The characteristics of the physiological responses of the preterm lung support the idea that intraamniotic endotoxin stimulated lung maturation by a mechanism distinct from glucocorticoids. Maternal or fetal treatments with betamethasone rapidly improved postnatal lung function 15 to 24 h after preterm birth (25). This rapid effect of glucocorticoids was associated with a structural change in the lung characterized by parenchymal thinning and an increase in lung gas volume without measurable increases in alveolar surfactant pool sizes for about 7 d (26). In contrast, alveolar and total lung Sat PC increased by Day 2, and improved lung function was first detected 4 d after intraamniotic endotoxin. We found previously that maternal glucocorticoids caused fetal growth restriction and very modest lung maturation when given at 104 d gestation (29). In contrast, intraamniotic endotoxin did not cause fetal growth restriction even at a dose of 100 mg or with two doses of 20 mg, and lung maturation was equivalent when animals were treated at 110 or 118 d gestation.

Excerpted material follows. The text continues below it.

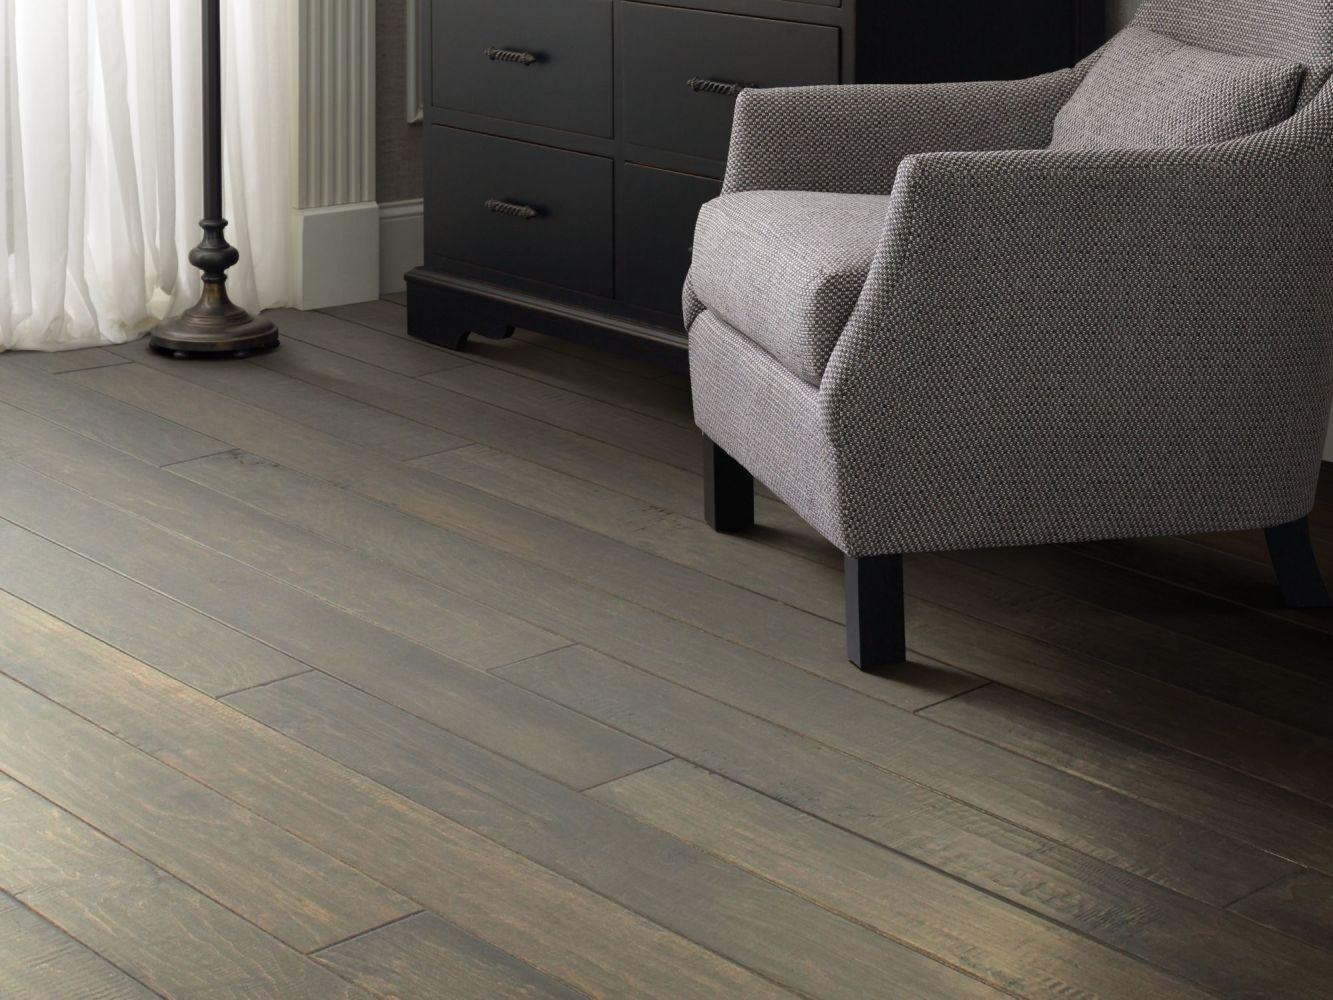 Anderson Tuftex Floors To Go Hardwood Walton Maple Varuna 19001_FW668

In humans, amnionitis and elevated proinflammatory cytokines are associated with the subsequent development of bronchopulmonary dysplasia and cerebral palsy after preterm birth (30, 31). Infants also may have a systemic inflammatory response that can be detected by elevated IL-6 levels in umbilical arterial blood (32). Elevated tumor necrosis factor- levels in amniotic fluid predict subsequent lung injury in preterms (33), and proinflammatory cytokine production and release by the lungs occur in lung injury models using mature lungs (34, 35). The concept is that proinflammatory cytokines either initiate and/or augment lung injury (36). The counterintuitive result in developing lungs is that intraamniotic IL-1, and endotoxin can promote early lung maturation without apparent injury. With clinical amnionitis, the proinflammatory stimulus will be continuous and cumulative, while the fetal exposure in these experiments was given once (or twice). The signal to the lungs to mature is unlikely to be endotoxin itself because a dose of 0.05 mg endotoxin given to the fetus by intramuscular injection was lethal (15) and there was no differential response to intraamniotic endotoxin over a dose range of 1 to 100 mg. This dose-response relationship suggests that the intraamniotic endotoxin triggers a secondary response that results in lung maturation, possibly as a result of the amnionitis induced by the endotoxin. The response is specific for the amniotic cavity because no effect on postnatal lung function or surfactant was detected after intraallantoic endotoxin injection.

These studies demonstrate remarkable early lung maturation that occurred independently of cortisol. This endotoxin response indicates that there are other potent lung maturation factors that remain to be identified. A reasonable hypothesis is that endotoxin induces proinflammatory cytokines that can act as maturational agents, the prototype being IL-1 (13). However, other hormones and growth factors could be acting singly or in concert to promote early lung maturation.